◆ **TASK TO CARRY OUT**: Down to the last line, set down the material below exactly; skip the pictures.

◆ **MATERIAL PROVIDED**:
[Start of section]
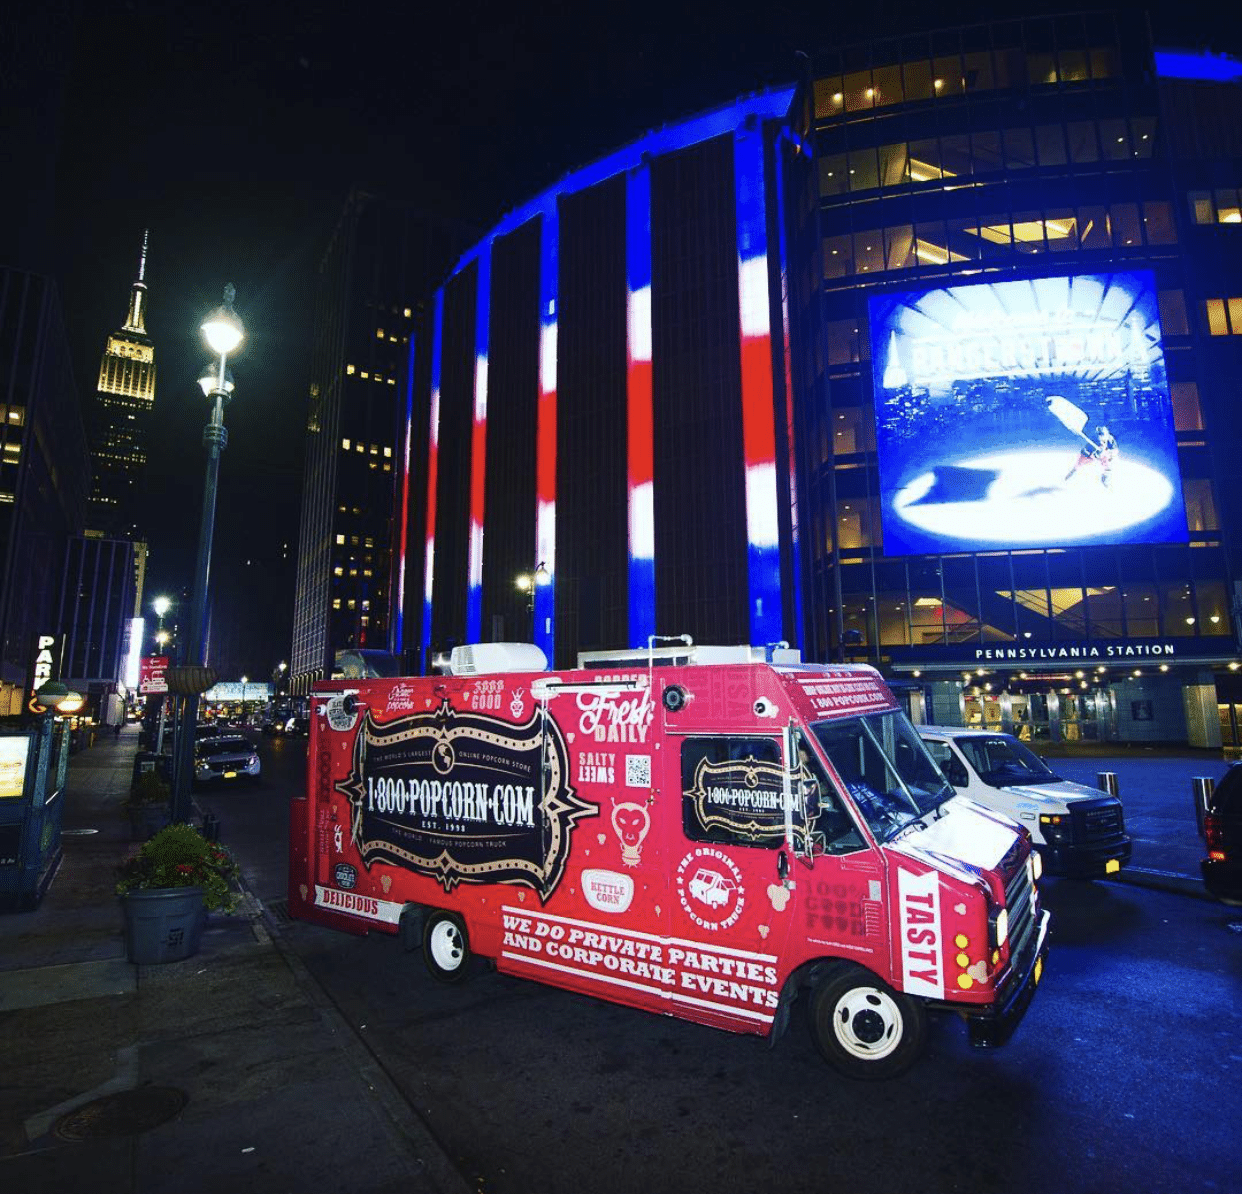 NYC Food Truck 1-800 Popcorn Catering
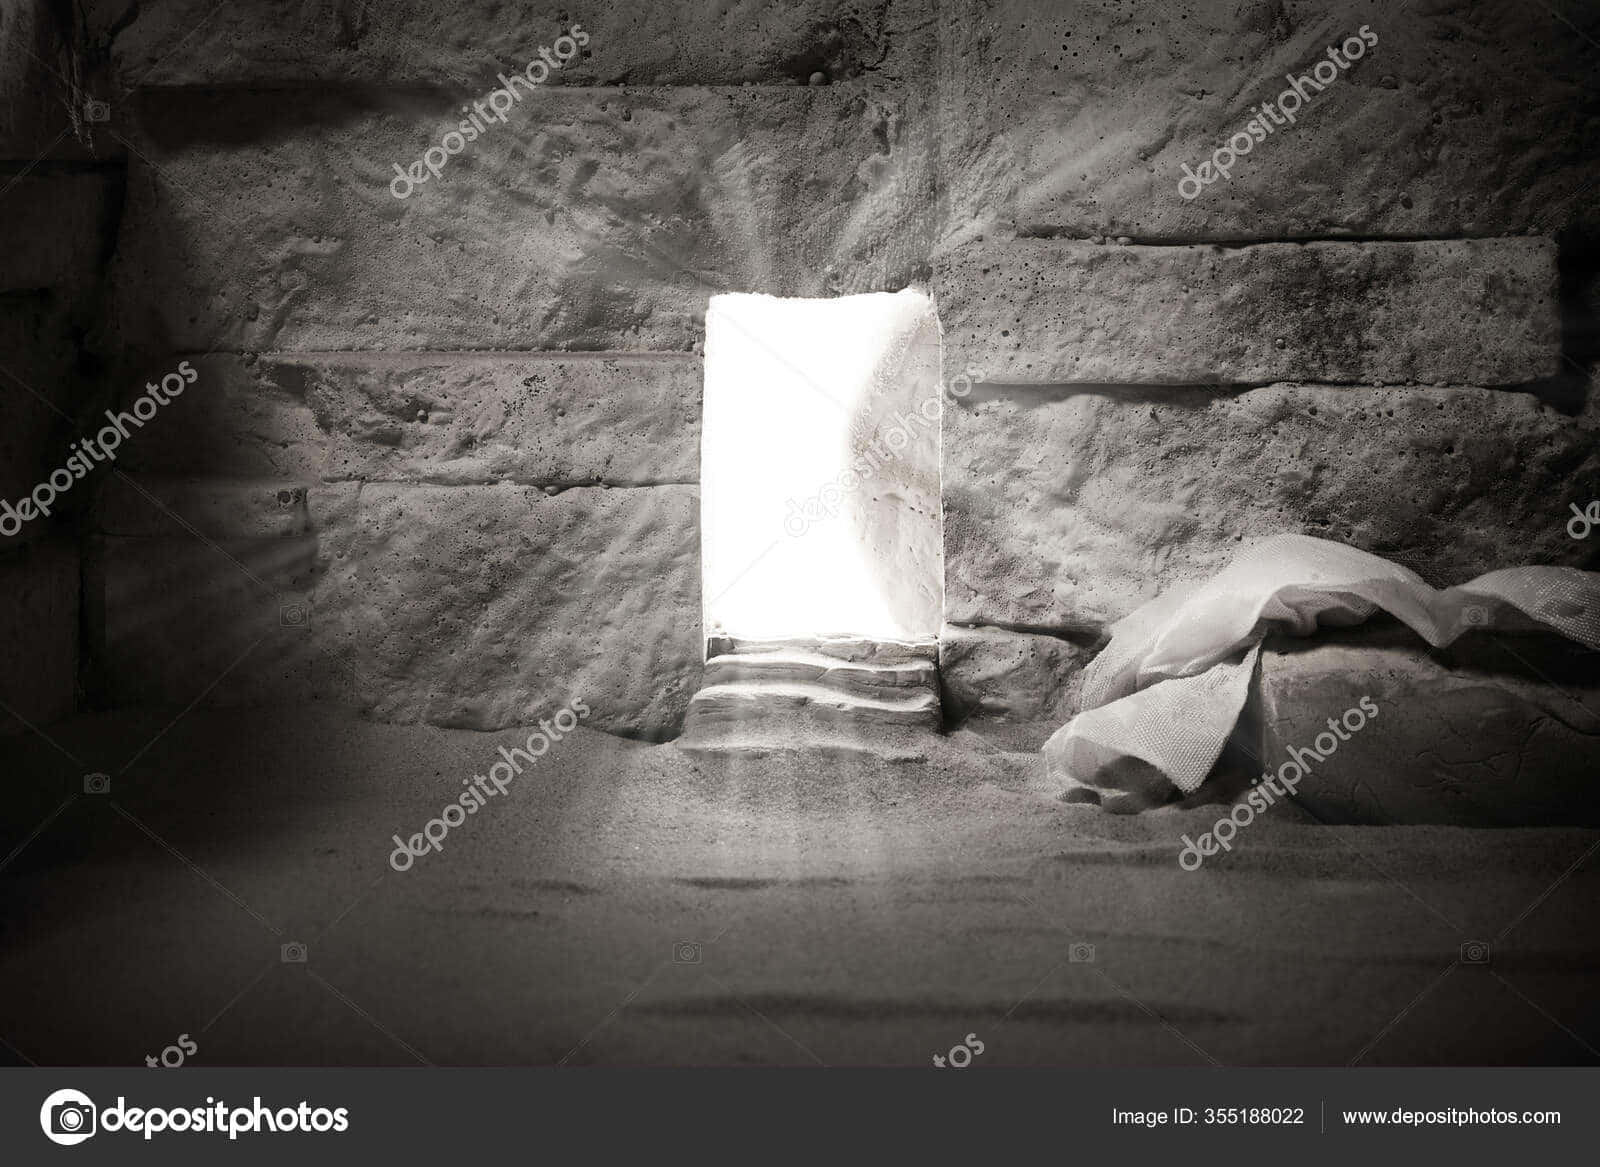 A Man Is Standing In A Cave With A Light Shining Through The Door Wallpaper
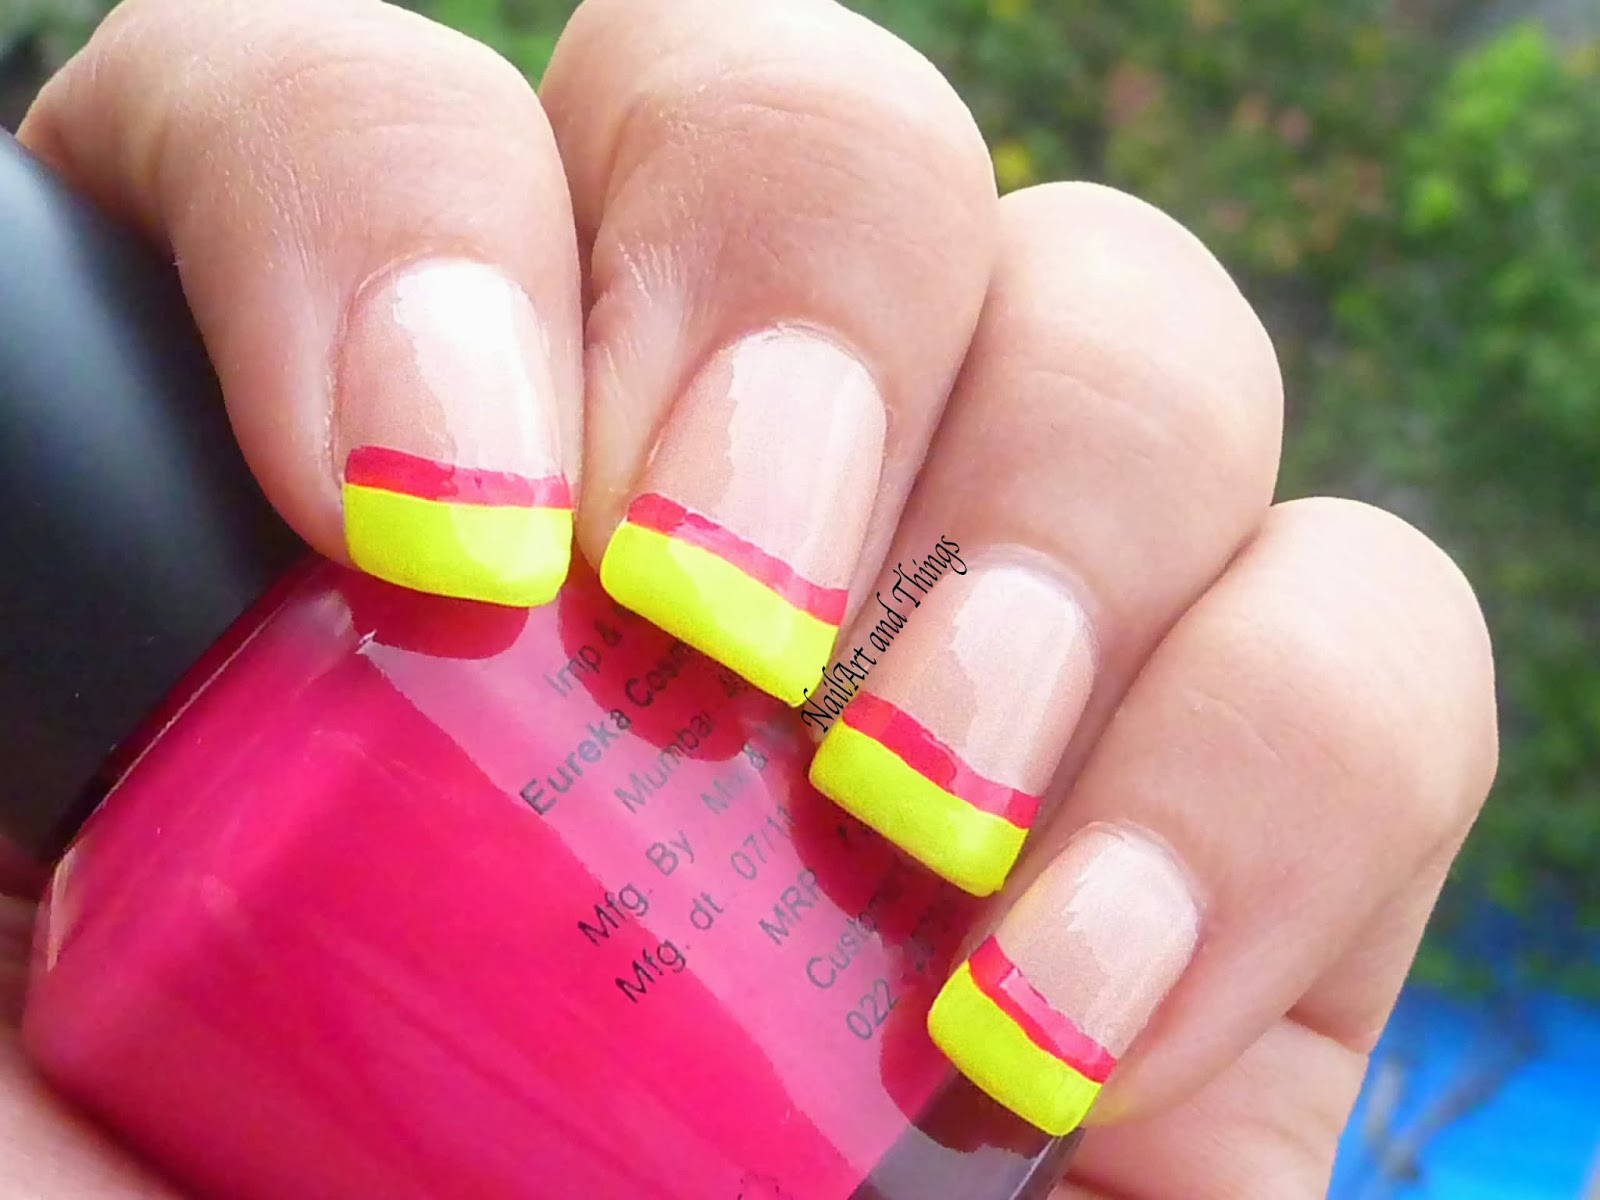 10. Neon French Tip Nail Art Tutorial - wide 4
[End of section]
◆ **EXERCISE ANSWER**:
 NYC Food Truck 1-800 Popcorn Catering
 A Man Is Standing In A Cave With A Light Shining Through The Door Wallpaper
 10. Neon French Tip Nail Art Tutorial - wide 4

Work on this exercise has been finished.